I advise you to not install or to delete the app immediatly if you did install
it. The developers do have a chance of getting back here in the list, they can
send me a PM and prove that i am several other people are completely wrong. On
this moment we will strongly advise against the use of this software. We will
also delete any and every link to their website and or download pages.

Be warned!

@cesasol commented:

After checking the source code, i could see there is no software beyond
nodewebkit under popcorn4time binary, instead they work on this "cloud"
[http://app.time4popcorn.eu/[25]](http://app.time4popcorn.eu/\[25\])
_deactivate _js before going to this link And there is a couple of binary
files with the extension php, wich is more than suspicius.
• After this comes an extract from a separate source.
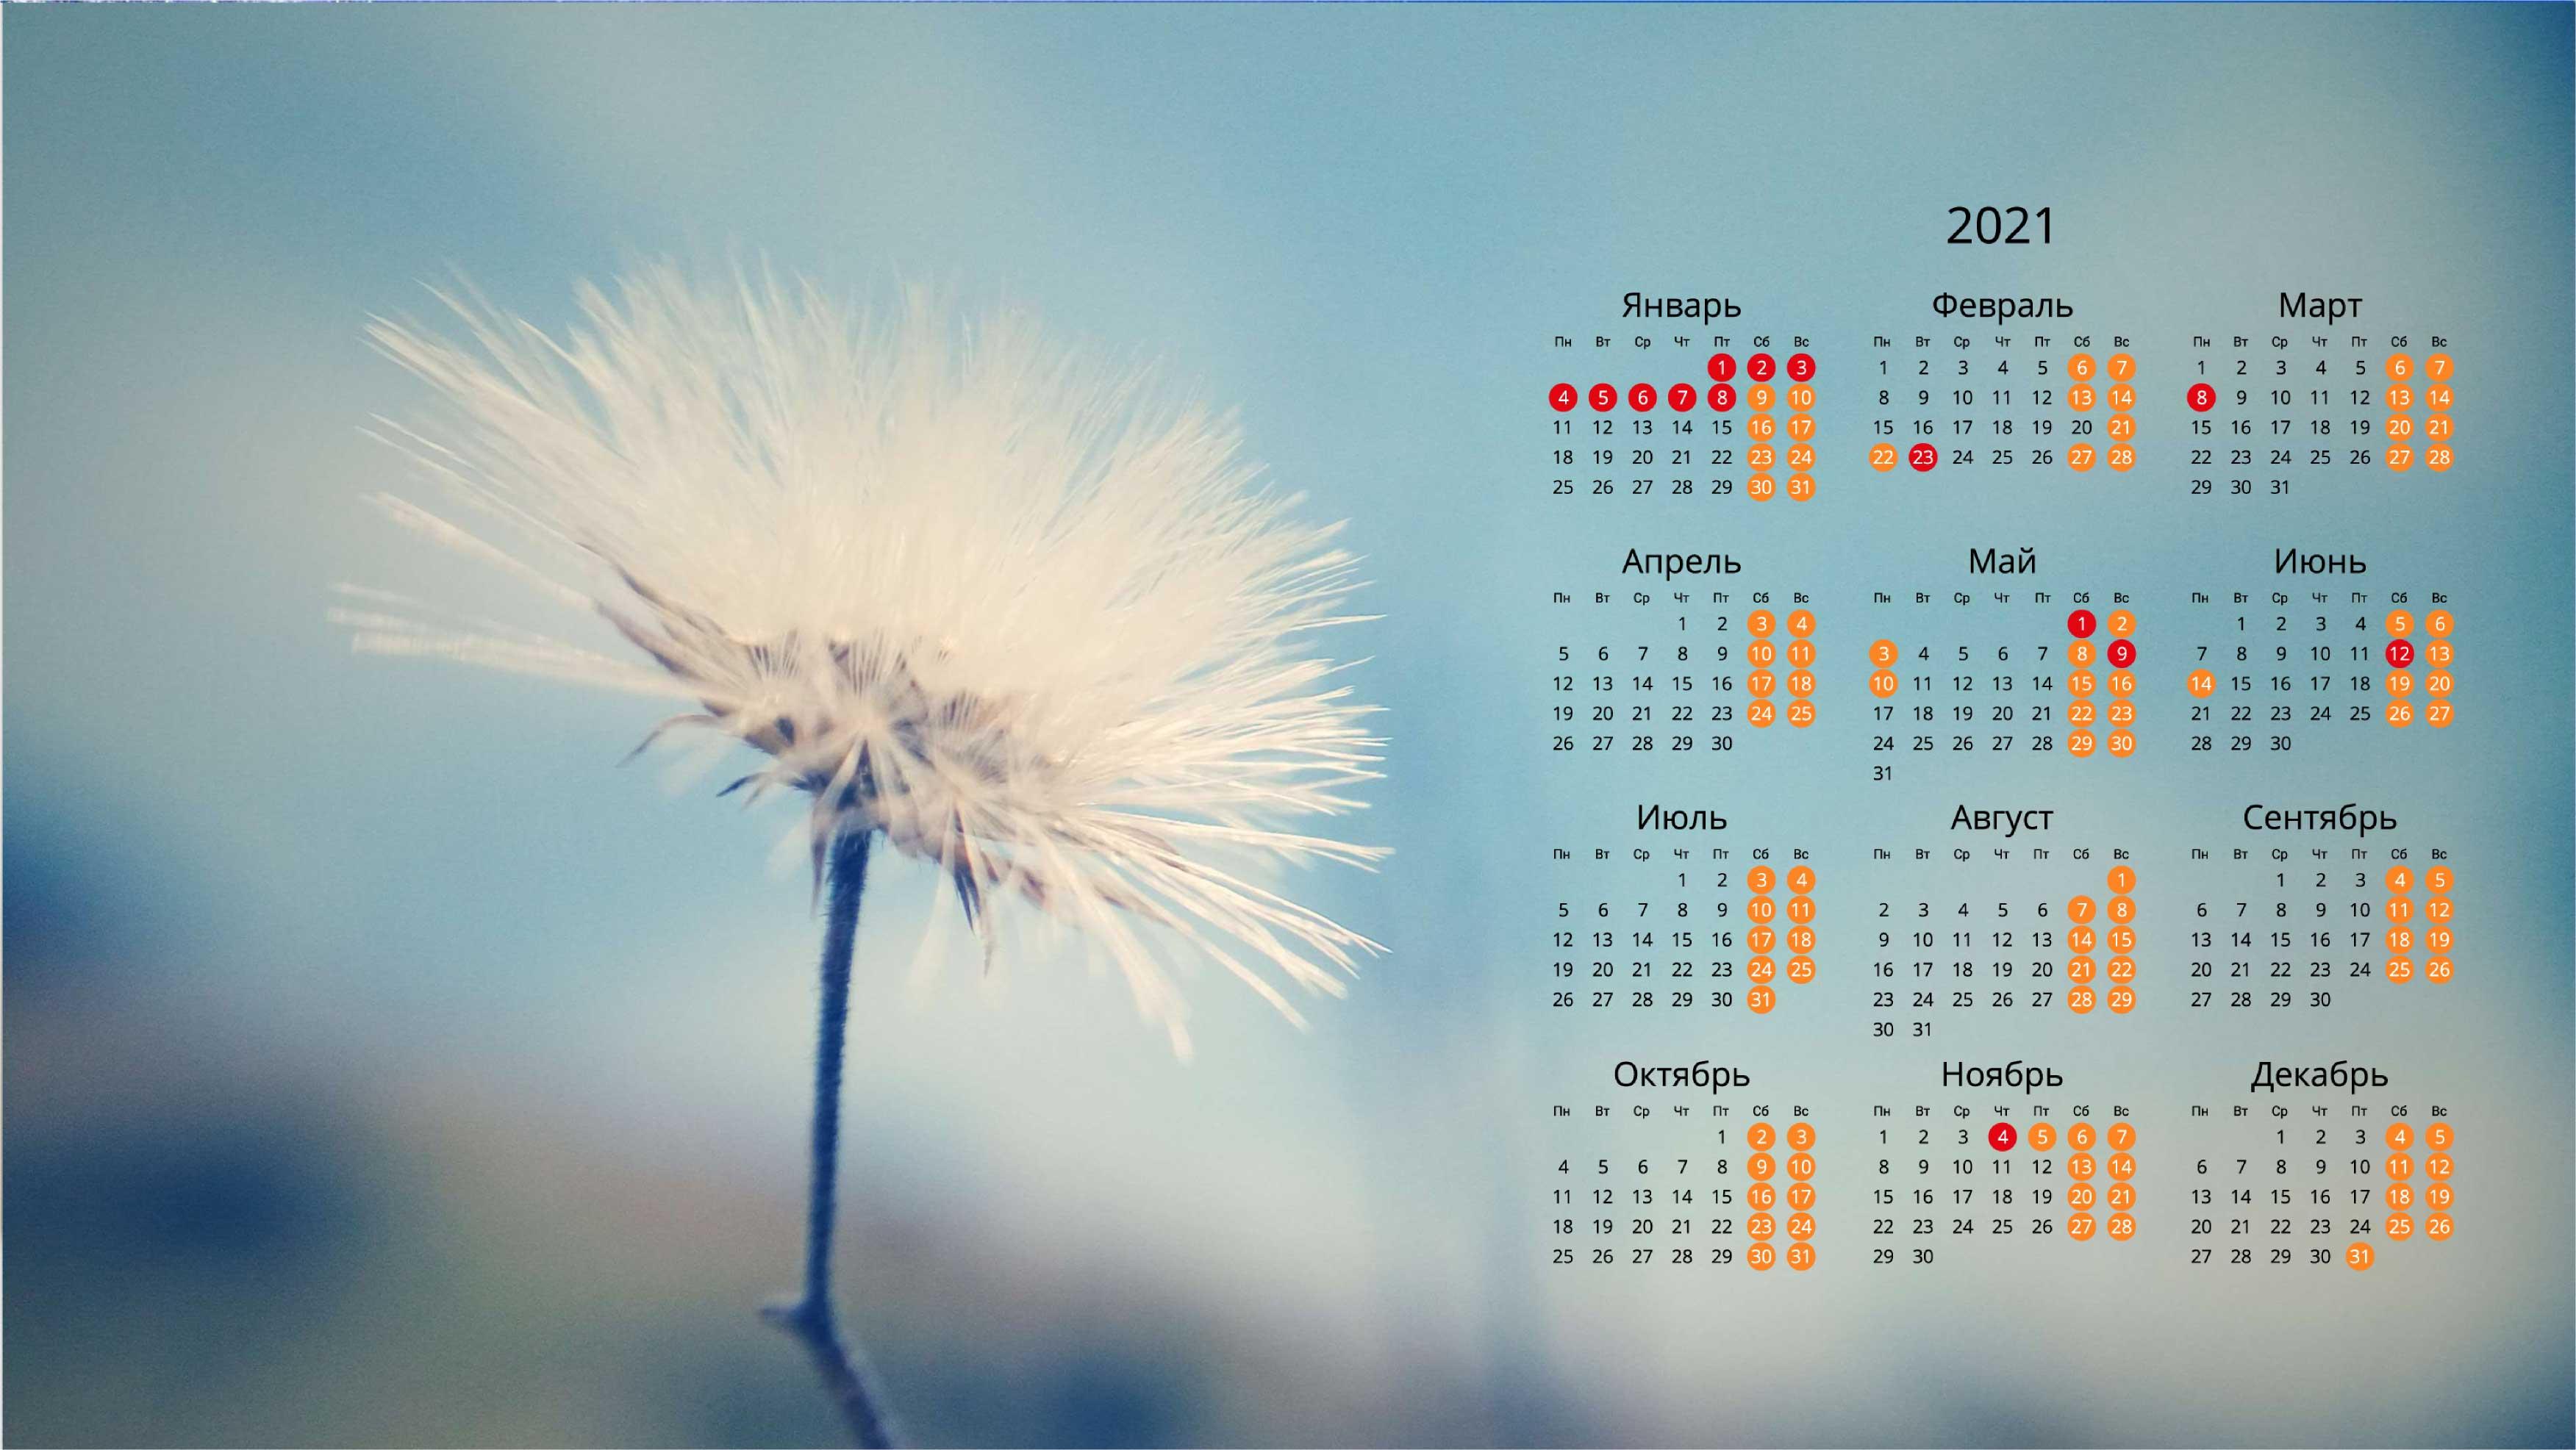 Обои на рабочий стол с календарем 2021 года (20)

After checking in a
vbox, they send random data to that server and another two, not only the
torrent seeding.

@Sharkiller a Popcorn Time dev has also showed his doubts:

@Foxito they steal code, dont release them, put features that dont work only
grow up their userbase who knows for what. for weeks they do interviews for a
lot of pages to gain more and more userbase even when their code never
works(tvshows). in the code you can find suspicious images to track the users,
they don't even are from analytics. after a few weeks they "release" a source
code in github that is a clone of the popcorn-official repo, even the links go
to that repo. with the commits of the same day. They don't even do a fork only
a renamed code. If that is not fishy to you then use it.

@traplover69 commented: The download links on [http://get-
popcorn.com/download/mac[26]](http://get-popcorn.com/download/mac\[26\]) and
[http://time4popcorn.eu/Popcorn-
Time-0.2.9-Mac.tar.gz[27]](http://time4popcorn.eu/Popcorn-
Time-0.2.9-Mac.tar.gz\[27\]) point to the same file. Both give a shasum of
fc00796208ca412b01c3715fb44af191d937ba8a. Any ideas whats happening here?
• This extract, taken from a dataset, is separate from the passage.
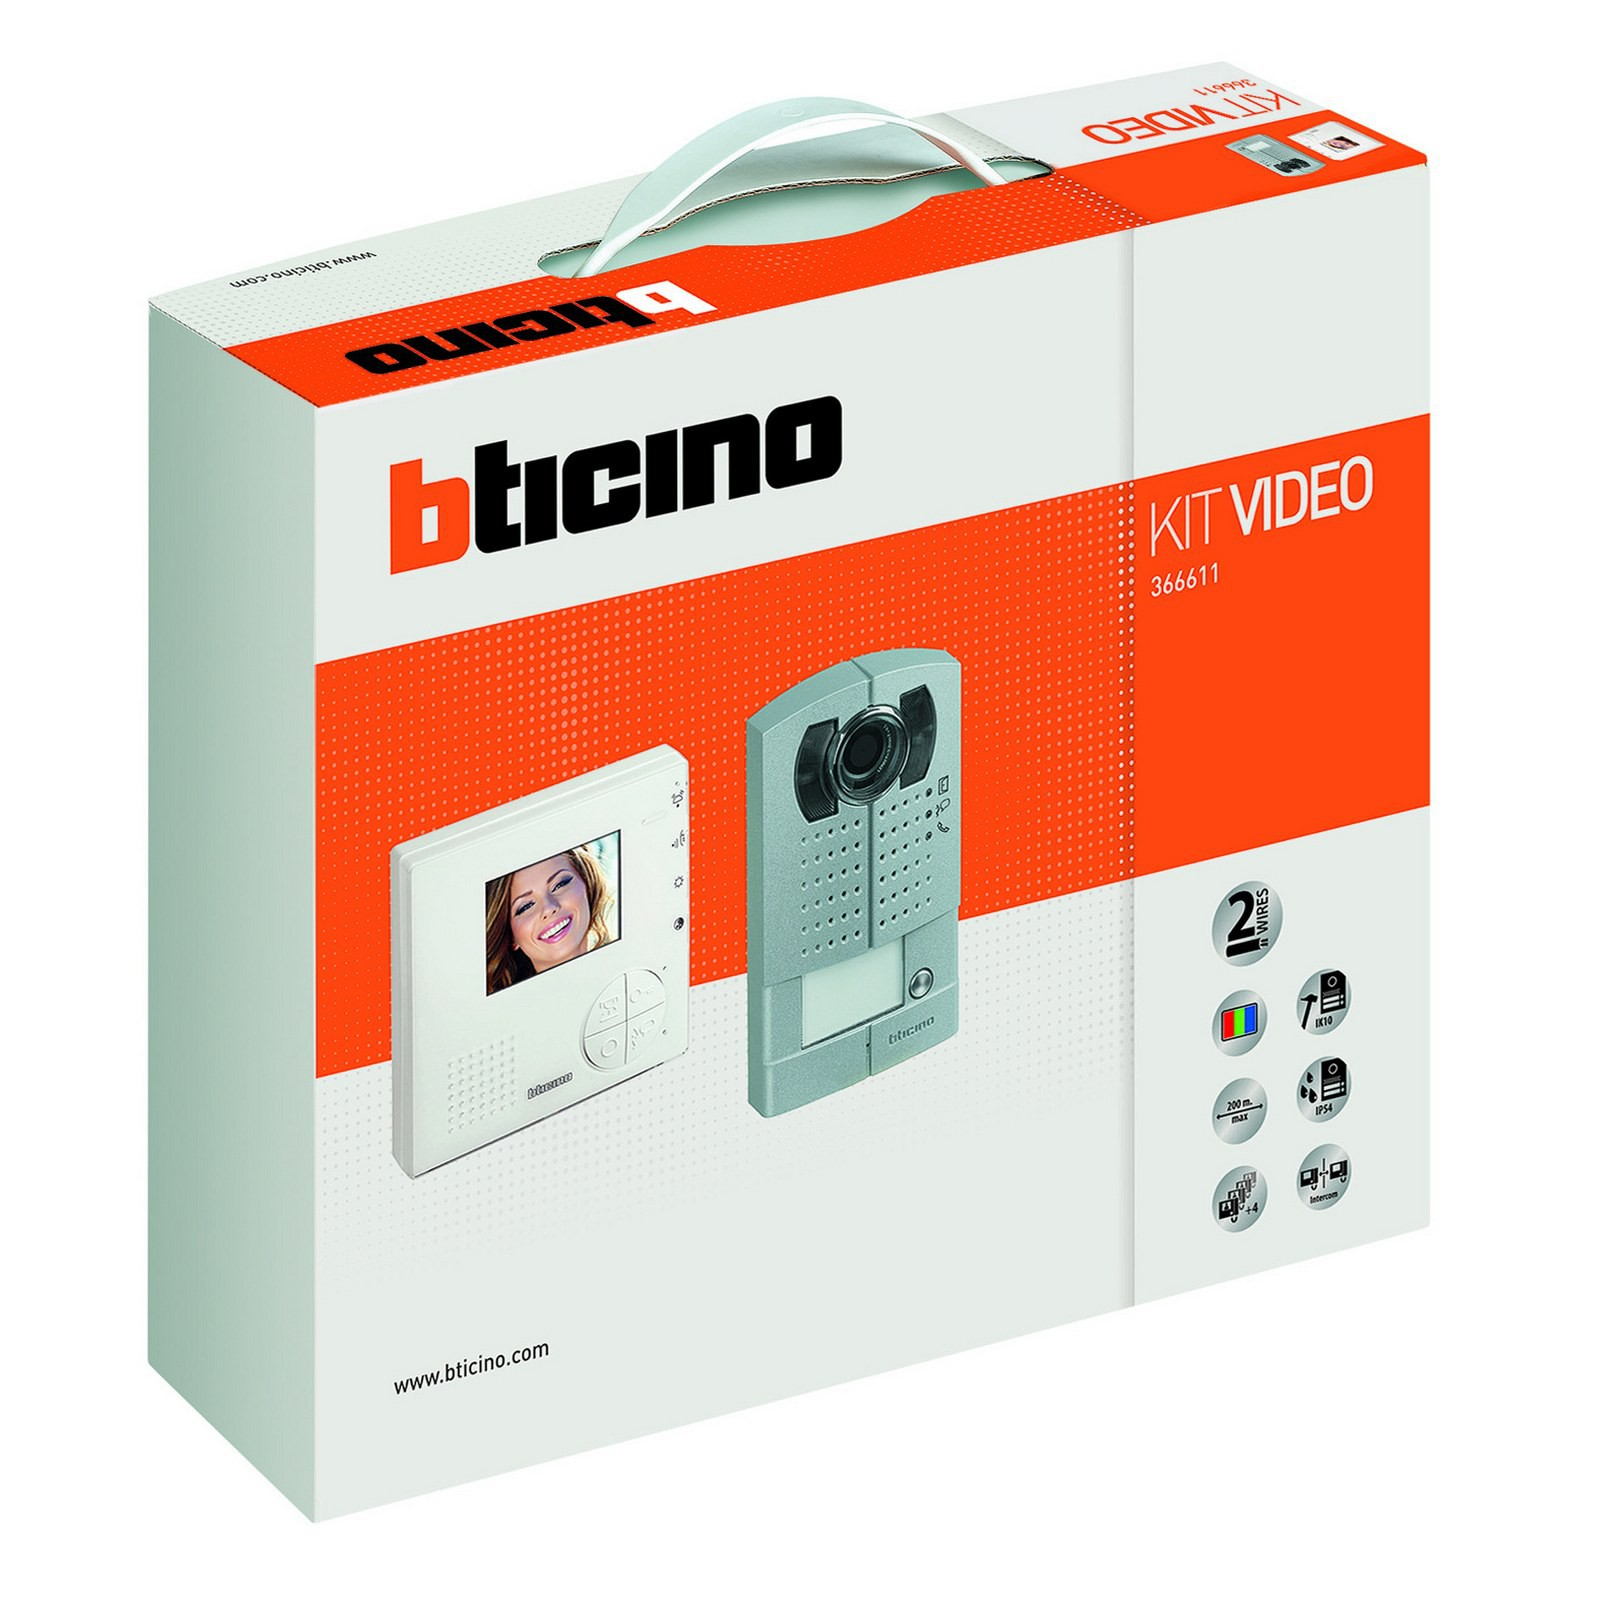 Kit videocitofono monitor video colori 2 fili bticino for Citofono bticino prezzo

So be carefull with Time4Popcorn_

—8<–—–—–—–—–—–—–—–—–—–—–—–—–—–—–—–—–—–—–—–—–—–—–—–—

------
introex
New version, new domain name, new github repo. I've already lost count on how
many there were.

Perhaps _PirateBay_ can host it and then it won't have to move so much.

On plus side, TV Shows are surely to attract a wider user base.

------
pgl
Which is the real Popcorn Time, [http://get-popcorn.com/](http://get-
popcorn.com/) or [http://www.time4popcorn.eu/](http://www.time4popcorn.eu/)?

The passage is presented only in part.